* TASK GOAL: Extract the line that contains "Buster Keaton /" and every line after it through the end of the records below, exactly as written, leaving out any pictures.

---------- GIVEN INFORMATION ----------

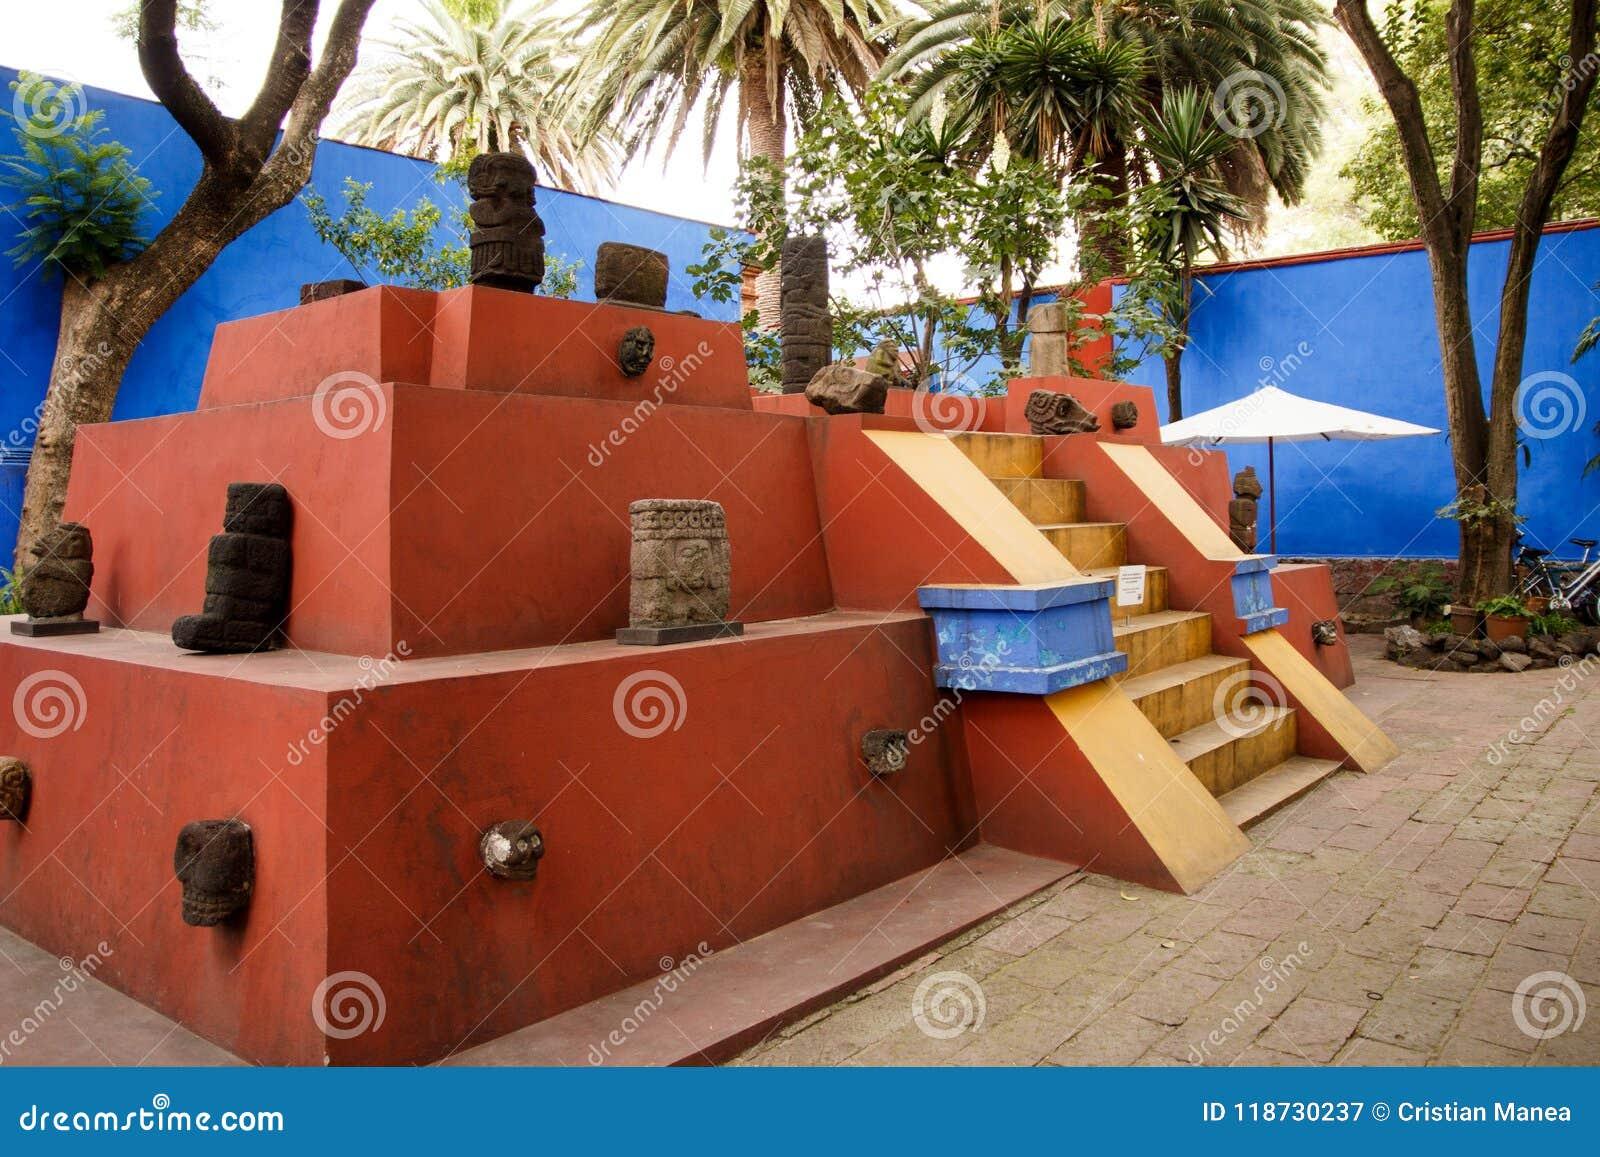 Binnenlandse werf van Blauw Huisla Casa Azul waar de Mexicaanse kunstenaar Frida Kahlo leefde
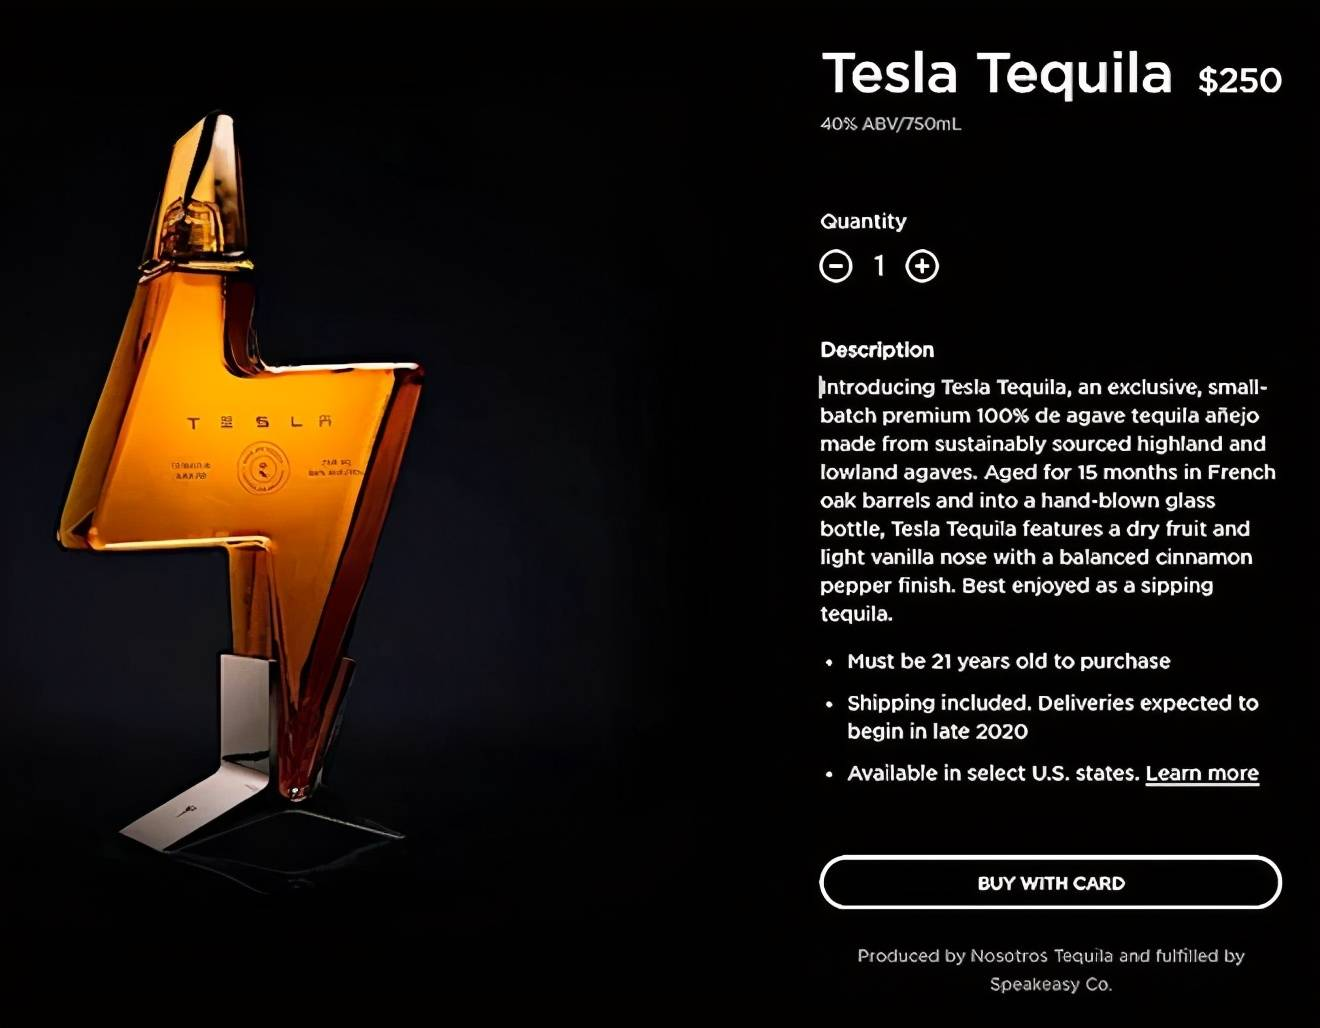 特斯拉卖酒了,特斯拉龙舌兰酒,售价高达250美元(折合人民币约1652元)!
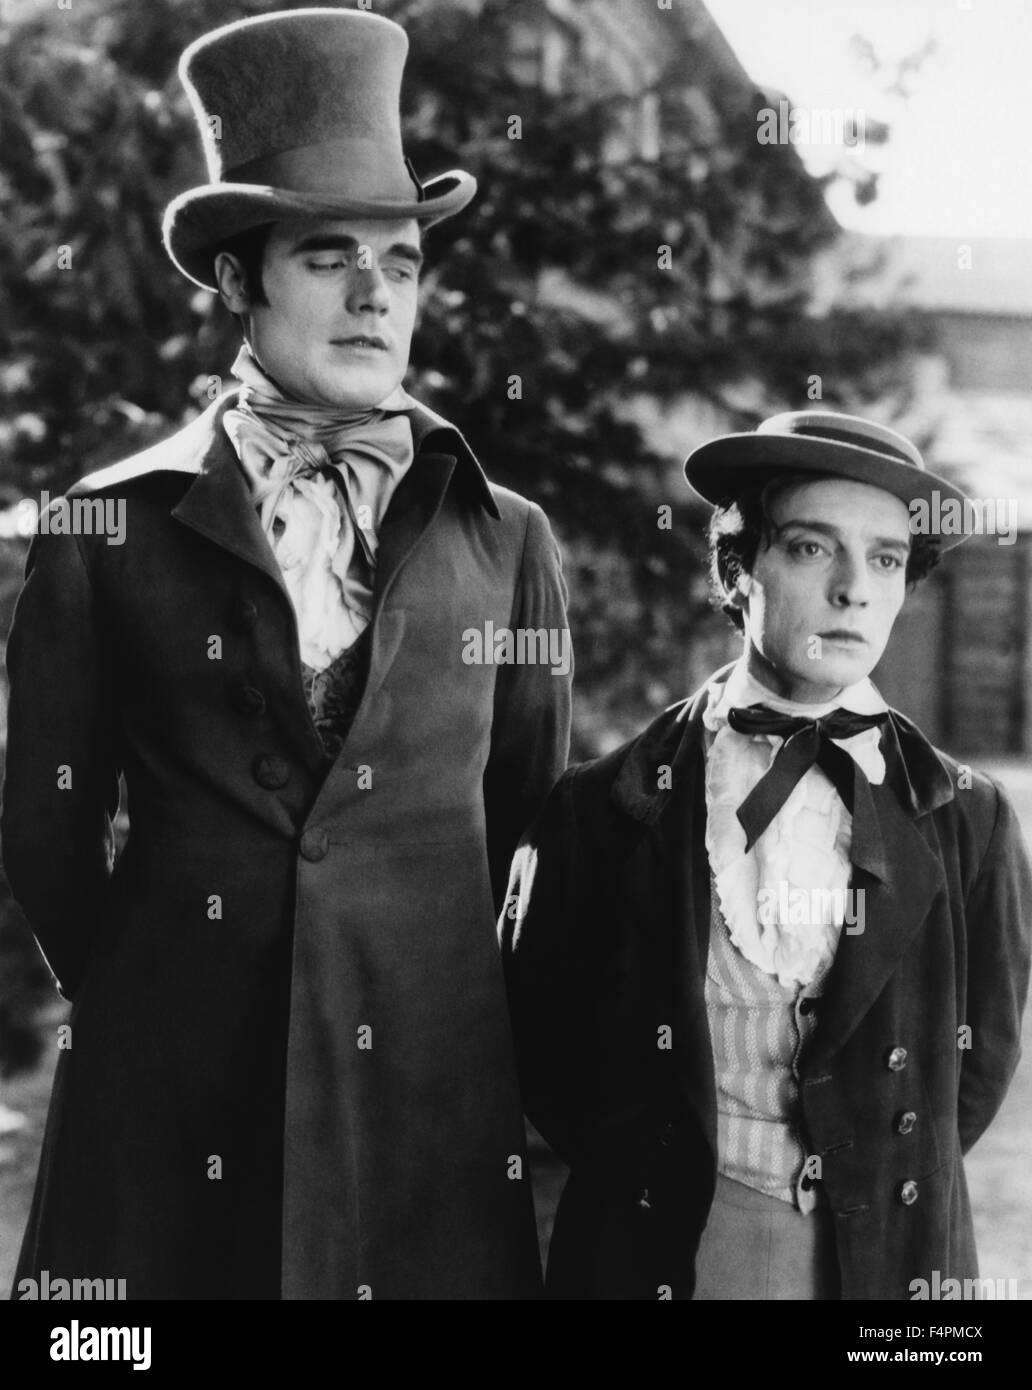 Buster Keaton / La nostra ospitalità / 1923 diretto da Buster Keaton e John G. Blystone [Metro Pictures] Immagini Stock
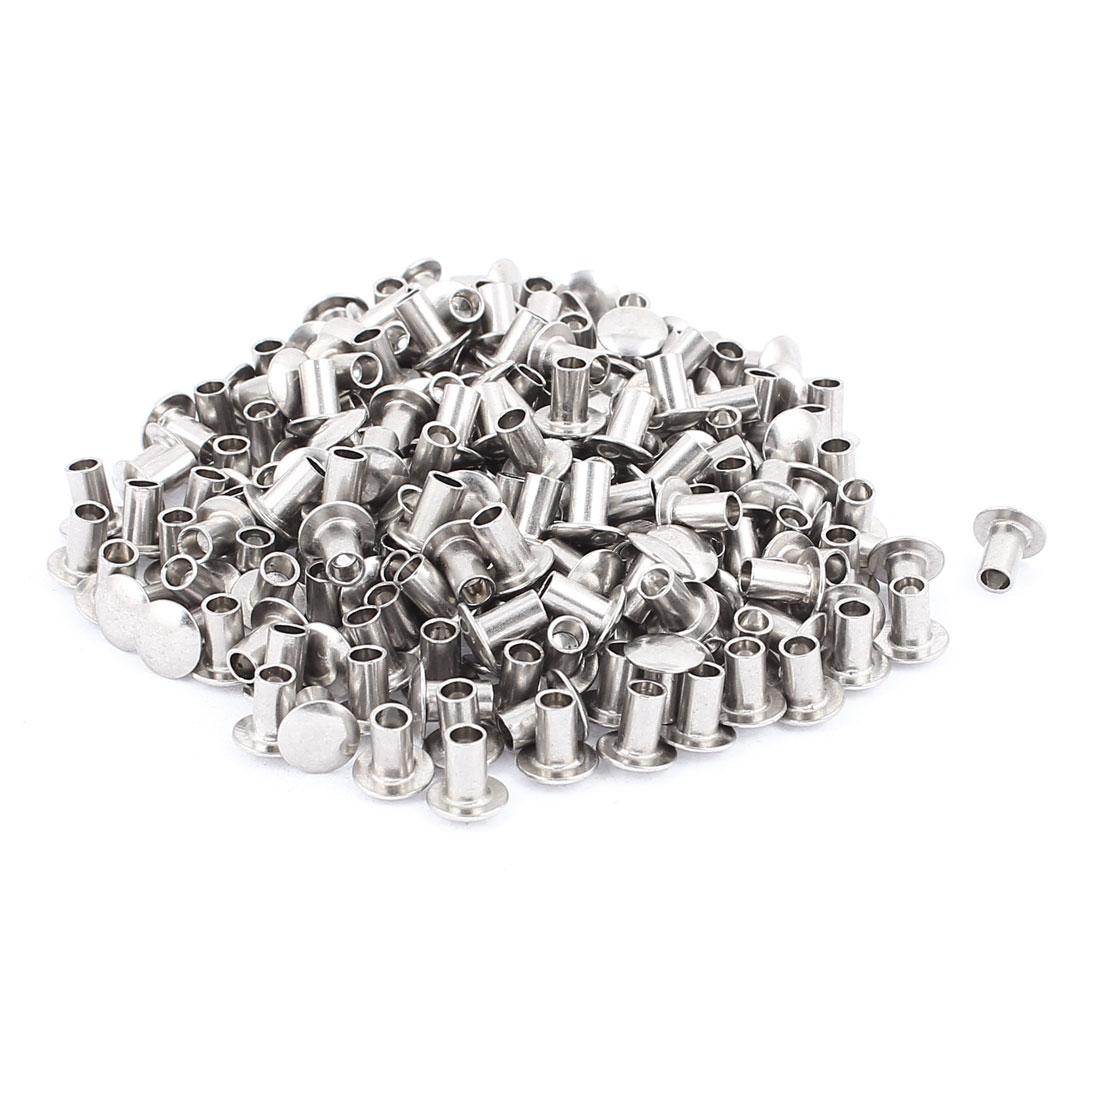 """200 Pcs 13/64"""" x 5/16"""" Nickel Plated Oval Head Semi-Tubular Rivets Silver Tone"""
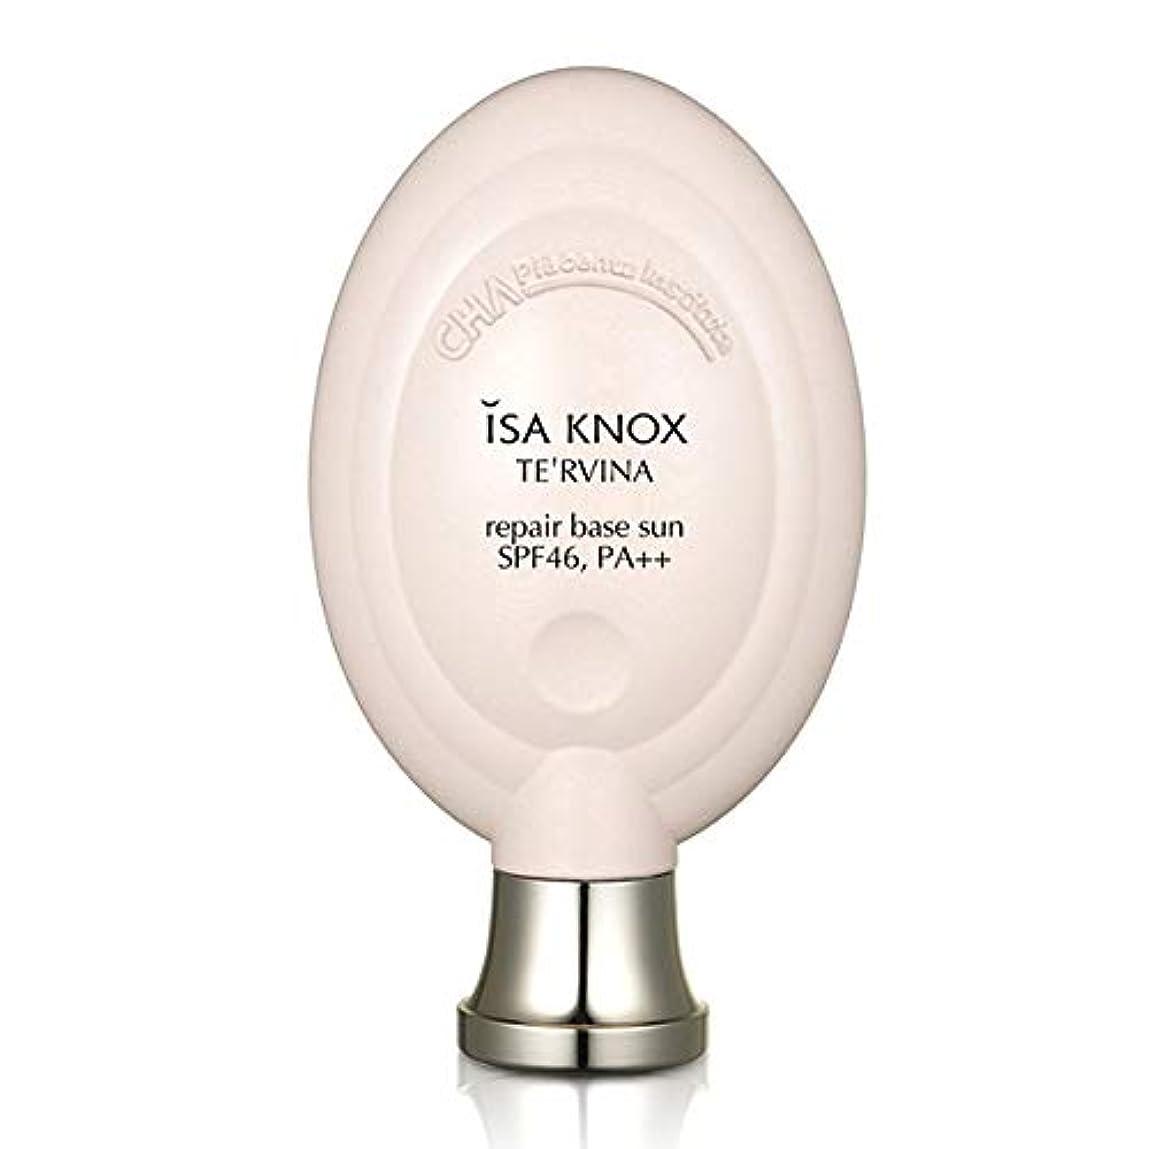 受信機フェード傾向イザノックス(ISA KNOX) テルビナ リペアベースサン(日焼け止めクリーム)

----------

* RESPONSE AREA:
 Buster Keaton / La nostra ospitalità / 1923 diretto da Buster Keaton e John G. Blystone [Metro Pictures] Immagini Stock
 """200 Pcs 13/64"""" x 5/16"""" Nickel Plated Oval Head Semi-Tubular Rivets Silver Tone"""
 受信機フェード傾向イザノックス(ISA KNOX) テルビナ リペアベースサン(日焼け止めクリーム)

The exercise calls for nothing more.